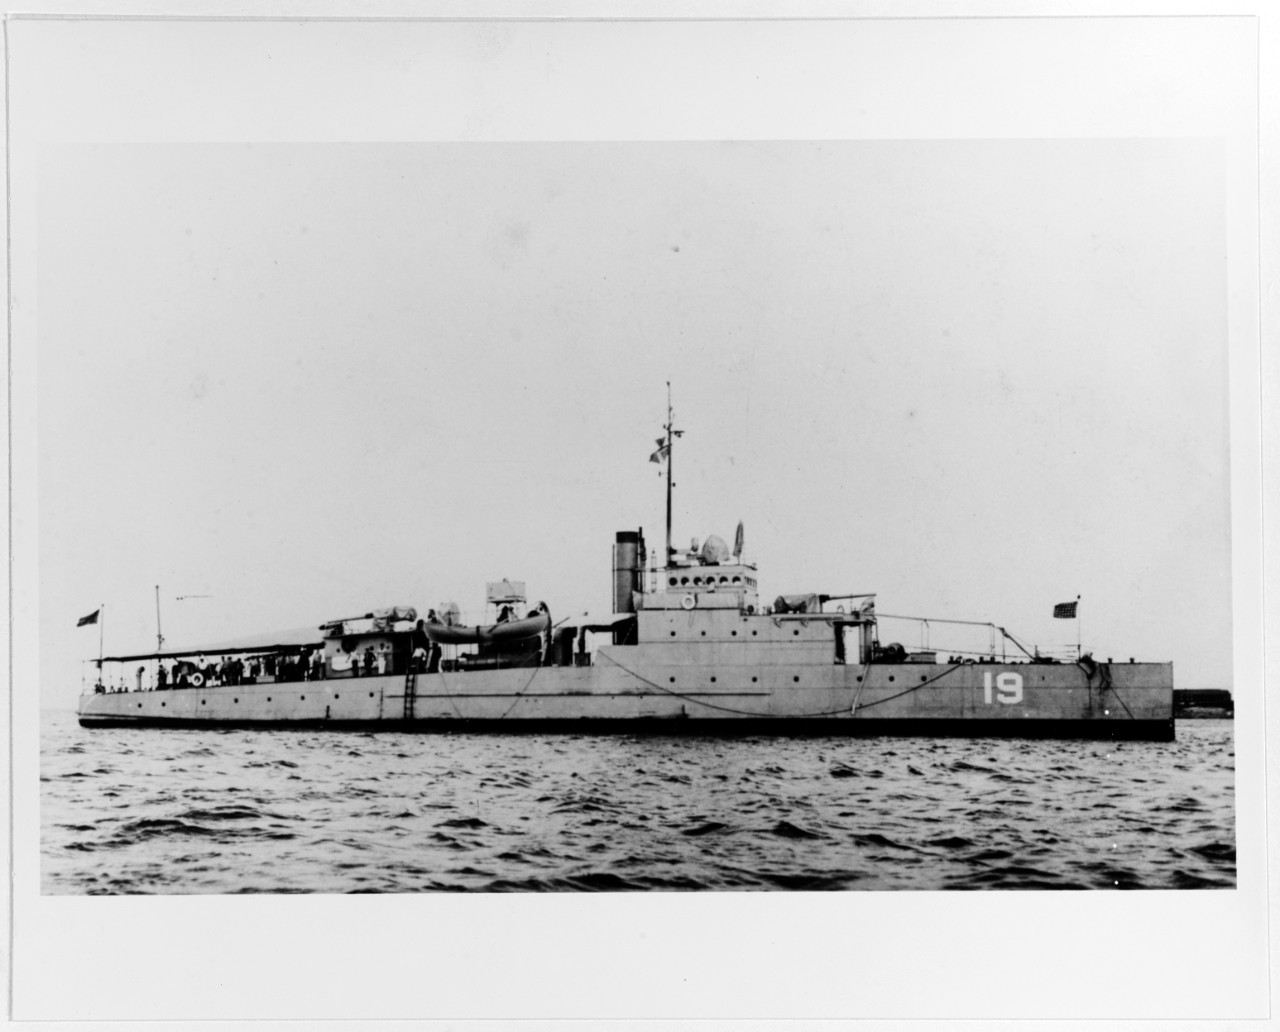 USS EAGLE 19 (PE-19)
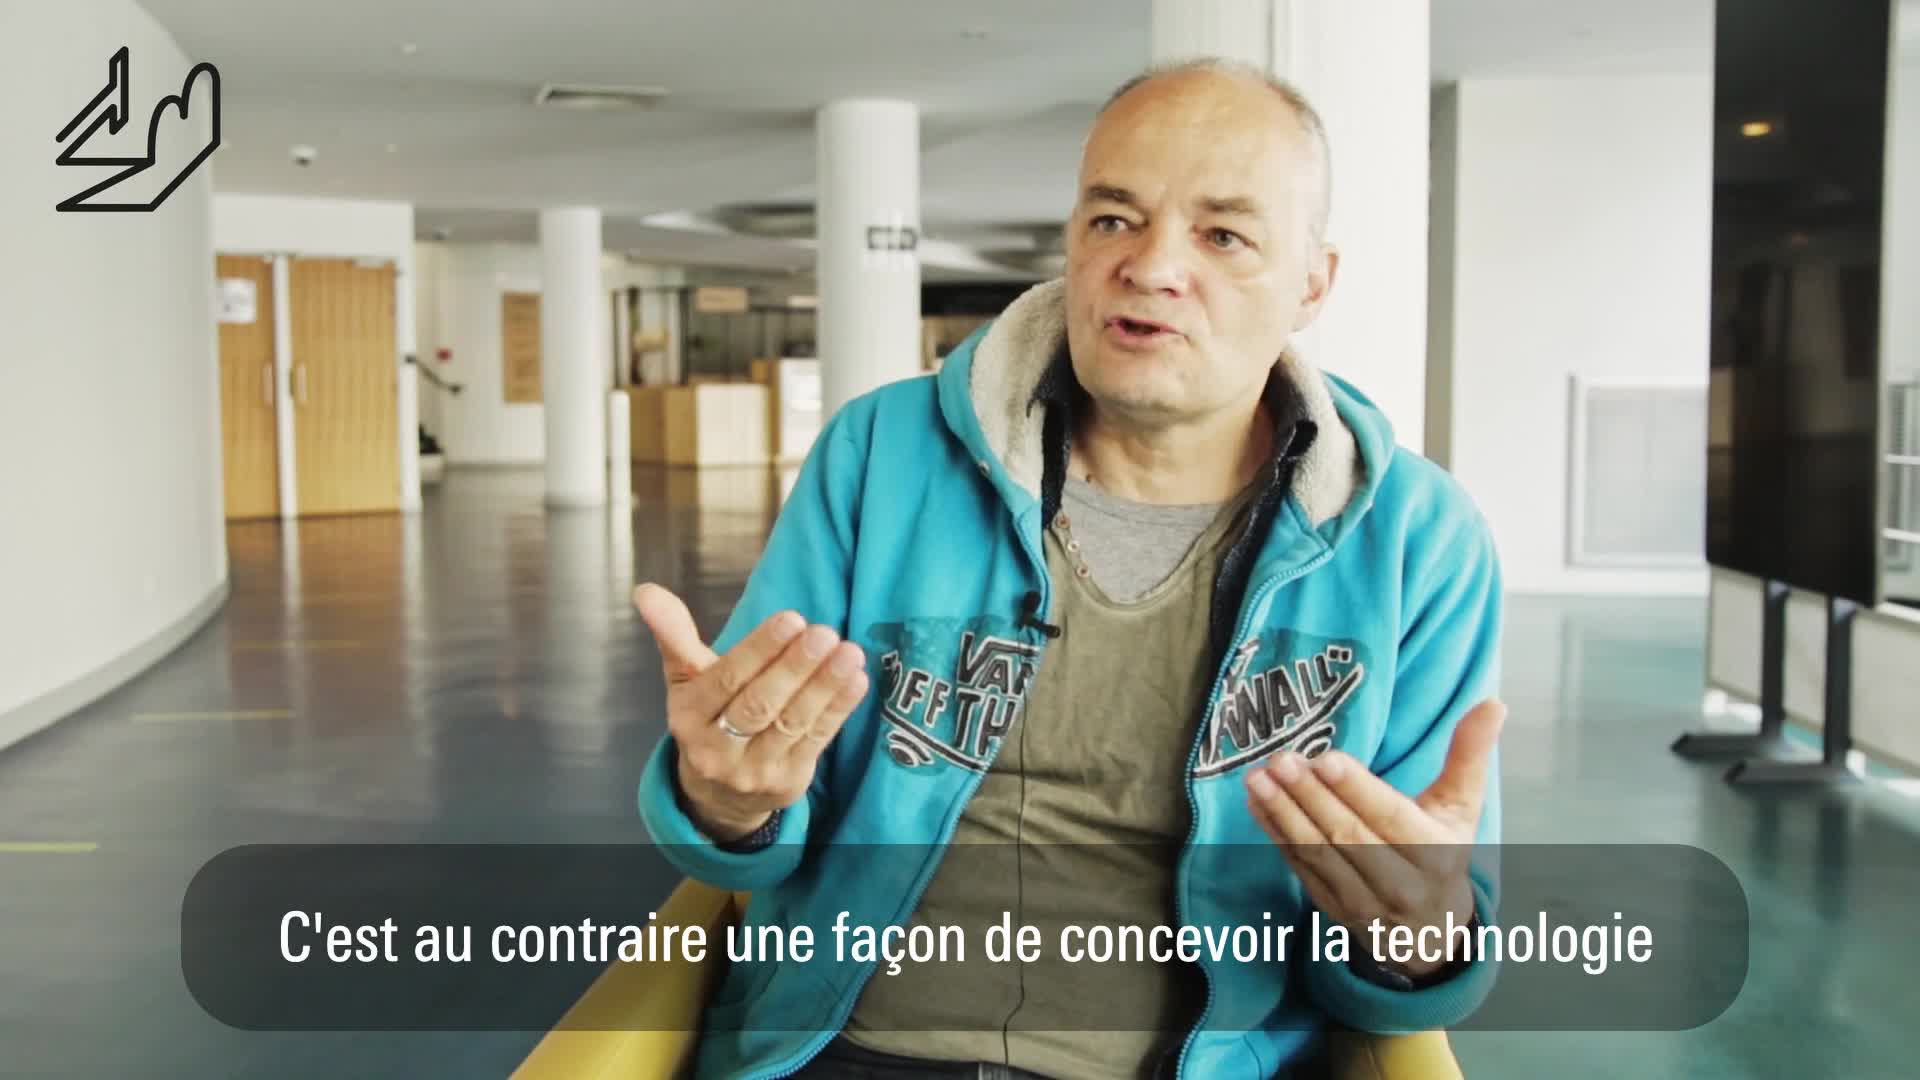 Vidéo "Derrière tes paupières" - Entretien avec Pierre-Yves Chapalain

==

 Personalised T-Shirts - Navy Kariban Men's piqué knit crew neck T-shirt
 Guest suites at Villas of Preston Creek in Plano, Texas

Assignment> Please return the lines above that run from the line containing "Personalised T-Shirts - Navy" to the line containing "Guest suites at", inclusive, exactly and with no other lines.

Answer space>
 Personalised T-Shirts - Navy Kariban Men's piqué knit crew neck T-shirt
 Guest suites at Villas of Preston Creek in Plano, Texas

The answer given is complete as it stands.